Ok so the title of this article was a bit naughty.  There was no directory of Clarendon Park businesses in 1909 (Nowadays we have The Clarendon Directory, delivered free to our doors).  But there was a selection of directories available for Leicester folk to find their shops, businesses, gentry and postal delivery times, and I thought it would be interesting to list the businesses listed under Clarendon Park addresses.  Actually this is part of a much larger project I am working on, to record all the businesses and in particular the shops of Clarendon Park from its earlier days to the present.  I love the fact that there are and were so many shops here, and there is still a lot of evidence remaining of the shops that have long since been turned into private dwellings.

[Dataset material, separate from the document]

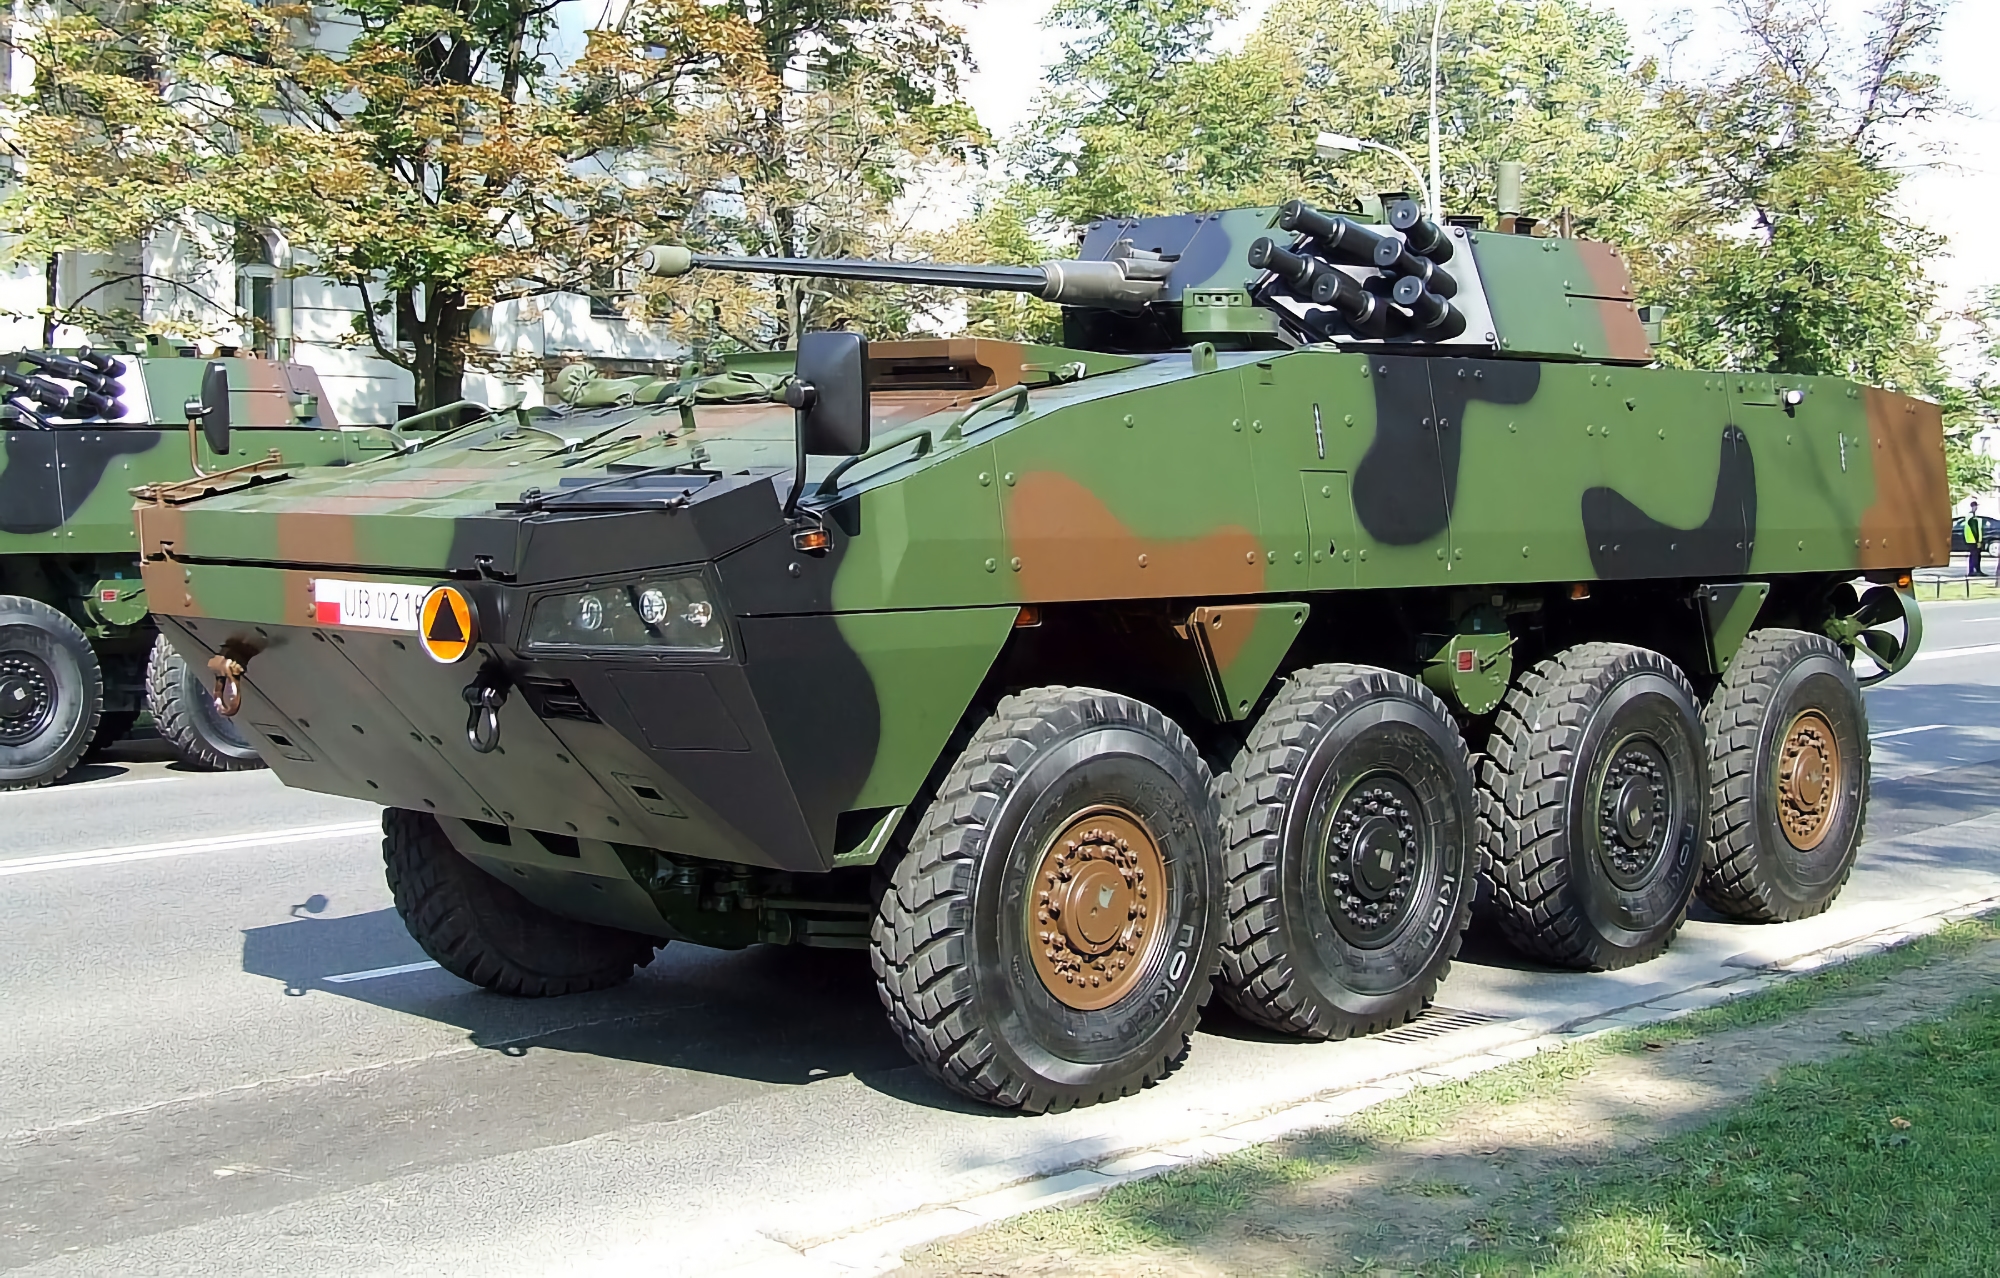 Siły zbrojne Ukrainy wykorzystują polskie transportery opancerzone KTO Rosomak, będące licencjonowaną kopią fińskiego transportera opancerzonego Patria

So here is an edited list of the shops and business of Clarendon Park in the 1909 edition of Wright’s Directory of Leicestershire:

  • Aerated water manufacturers – 2
  • Agents (house, land and estate) – 1
  • Bakers – 4
  • Boot and shoe makers – 11
  • Builders, bricklayers, joiners and contractors – 18
  • Butchers – 7
  • Carters (general) – 3
  • Chemists and druggists – 1
  • Chimney sweepers – 1
  • China, glass and homeware dealers – 1
  • Clock cleaners, makers and repairers – 2
  • Clothes and wardrobe dealers – 1
  • Coal agents,  dealers and merchants - 8
  • Confectioners and pastry cooks – 2
  • Confectioners and sweet dealers – 6
  • Cowkeepers and dairymen – 3
  • Cycle repairers, dealers and makers – 2
  • Drapers and haberdashers – 9
  • Dress makers – 14
  • Fishmongers and poulterers – 4
  • Florists and seed dealers – 1
  • General and hardware dealers – 3
  • Greengrocers and fruiterers – 6
  • Grocers and general provision merchants – 5
  • Hairdressers – 4
  • Horse and trap proprietors – 2
  • Ironmongers – 2
  • Launderers – 5
  • Market gardeners – 3
  • Milk dealers – 3
  • Milliners – 2
  • Newsagents – 1
  • Plumbers, glaziers and fitters – 4
  • Shopkeepers (not otherwise listed) – 21
  • Tailors – 5
  • Wine and spirit merchants – 2

I love the fact that Clarendon Park had not just one, but two aerated water manufacturers (one of which was our friend William Tom Hind).  Also that there were so many butchers, bakers, greengrocers and fishmongers.  All of which still exist in Clarendon Park today, but not in anything like the numbers.  We could blame Sainsbury’s (or Jacksons, as it was until a few years ago), but there has always been a Co-op in Clarendon Park Road and I would guess that people’s changing cooking and eating habits are just as much to blame.  I am just grateful there are still useful shops to be found.  Regards, Elizabeth.